(Source data)

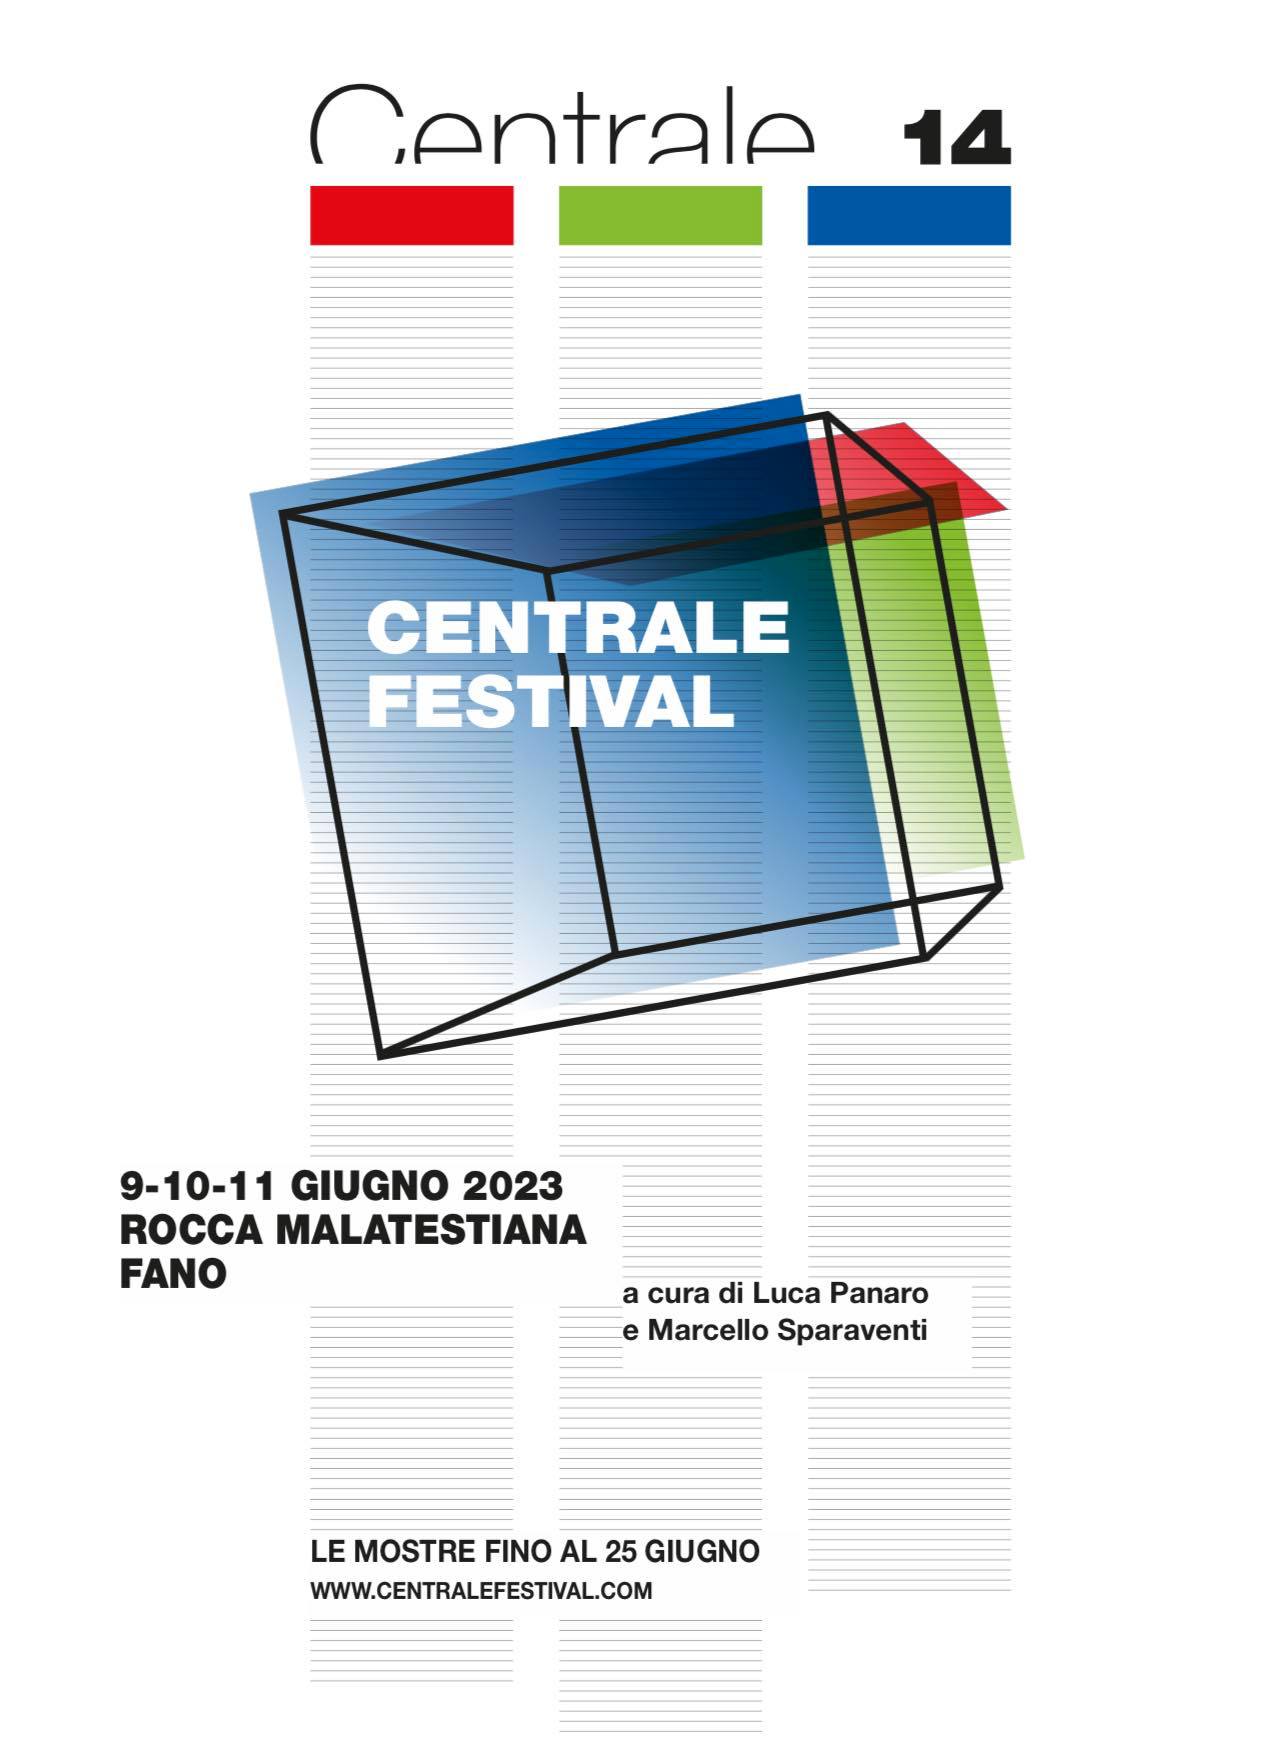 Centrale Festival Centrale Fotografia
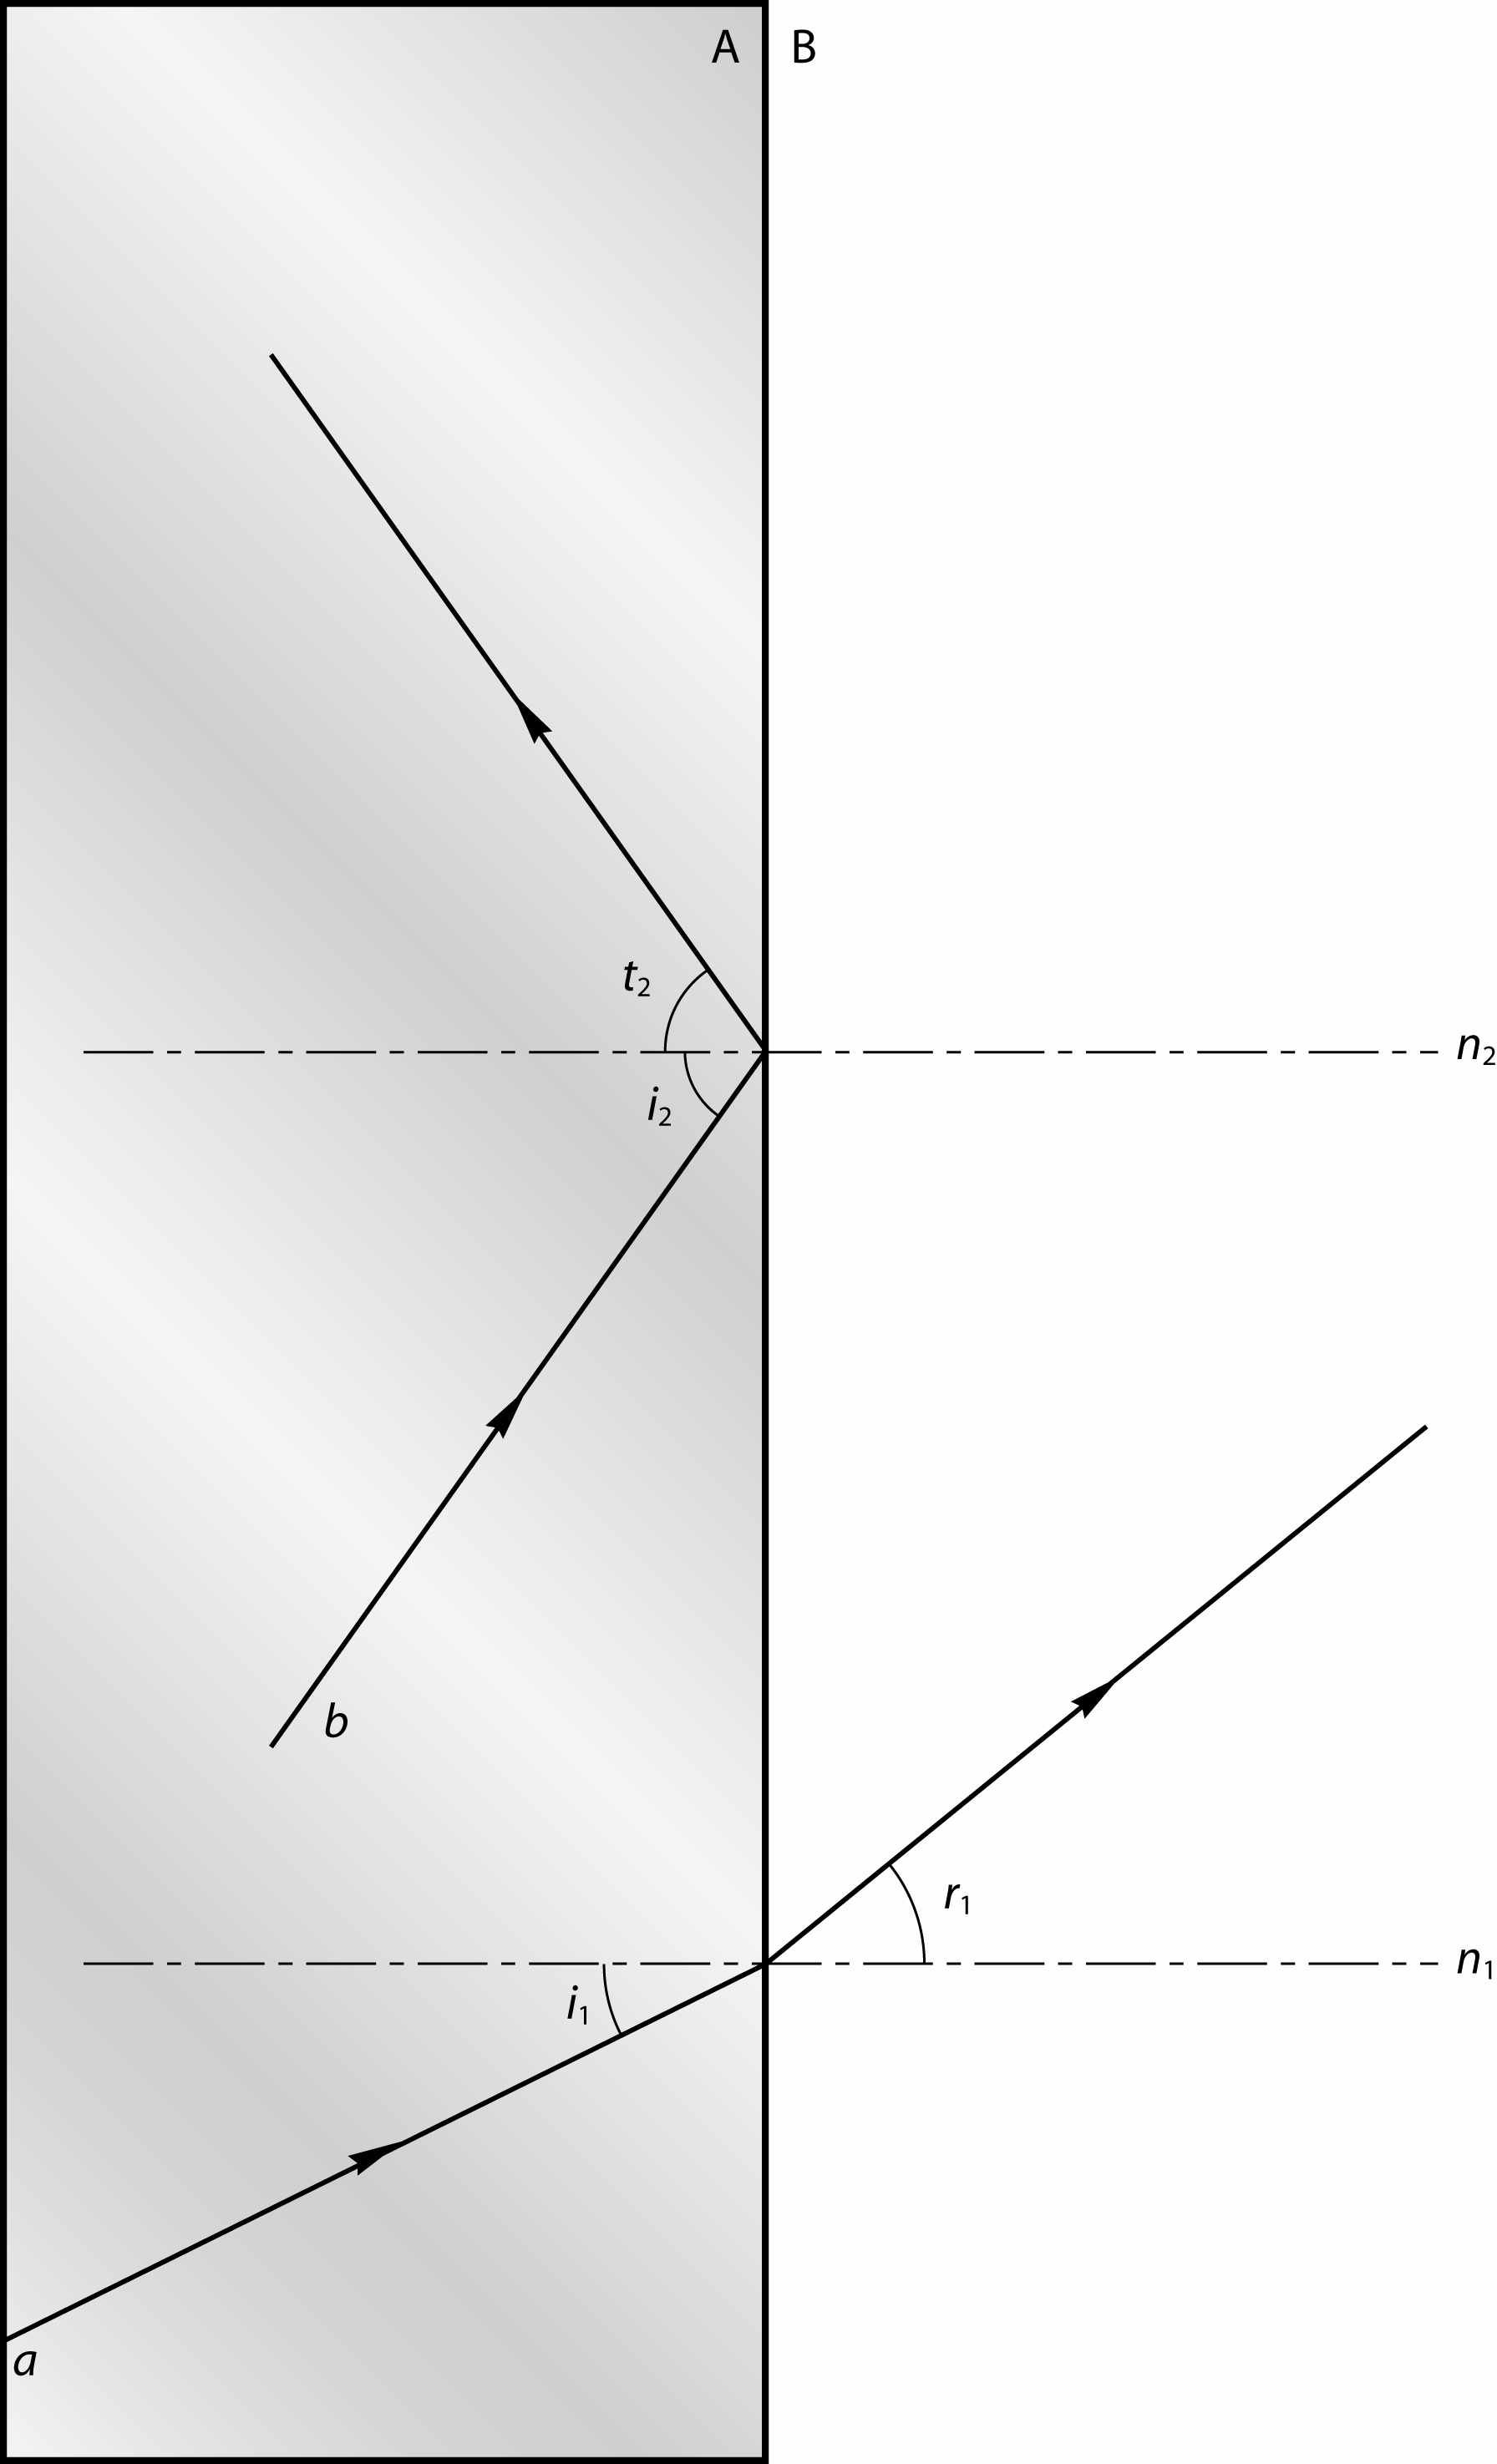 Figuur 6.10 c Zie figuur 6.10. i 1 = 25 en n A B = 0,671 sin i1 na B = sin r 1 sin i sin(25 ) sin r = = r = 39 1 1 1 na B 0,671 d Bepaling grenshoek g: sin g = 0,671 g = 42,1 Zie figuur 6.10. Opmeten: i 2 = 55 i 2 is groter dan de grenshoek totale terugkaatsing i 2 = t 2 Zie figuur 6.
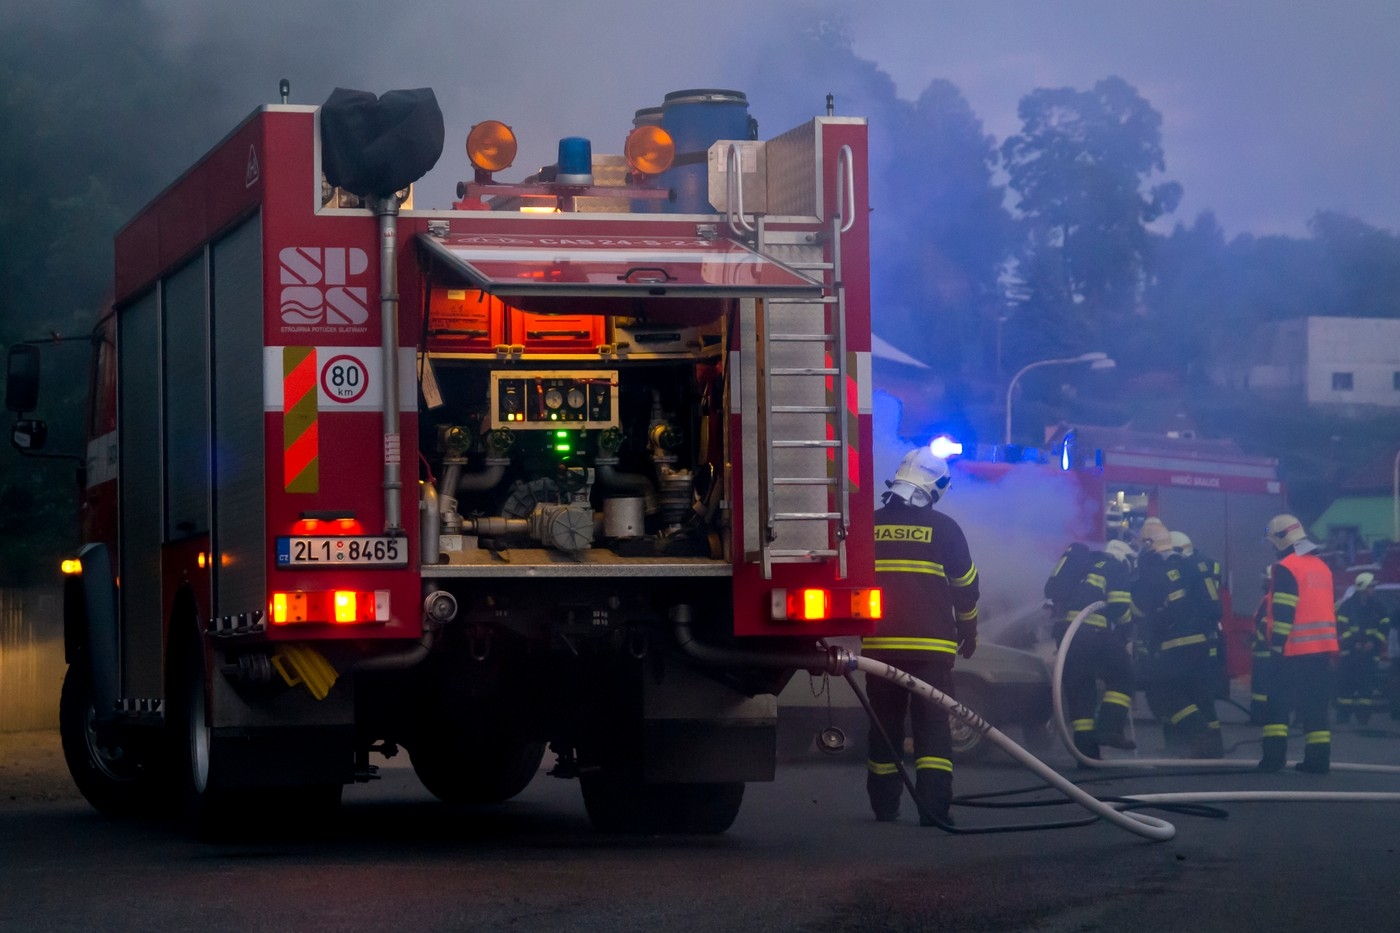 Loňský rok patřil v Evropě k nejhorším z hlediska požárů, uvádí zpráva EK

(End Source data)

The problem: Give back each line above exactly, with pictures dropped.

Solution to this task:
 Centrale Festival Centrale Fotografia
 Figuur 6.10 c Zie figuur 6.10. i 1 = 25 en n A B = 0,671 sin i1 na B = sin r 1 sin i sin(25 ) sin r = = r = 39 1 1 1 na B 0,671 d Bepaling grenshoek g: sin g = 0,671 g = 42,1 Zie figuur 6.10. Opmeten: i 2 = 55 i 2 is groter dan de grenshoek totale terugkaatsing i 2 = t 2 Zie figuur 6.
 Loňský rok patřil v Evropě k nejhorším z hlediska požárů, uvádí zpráva EK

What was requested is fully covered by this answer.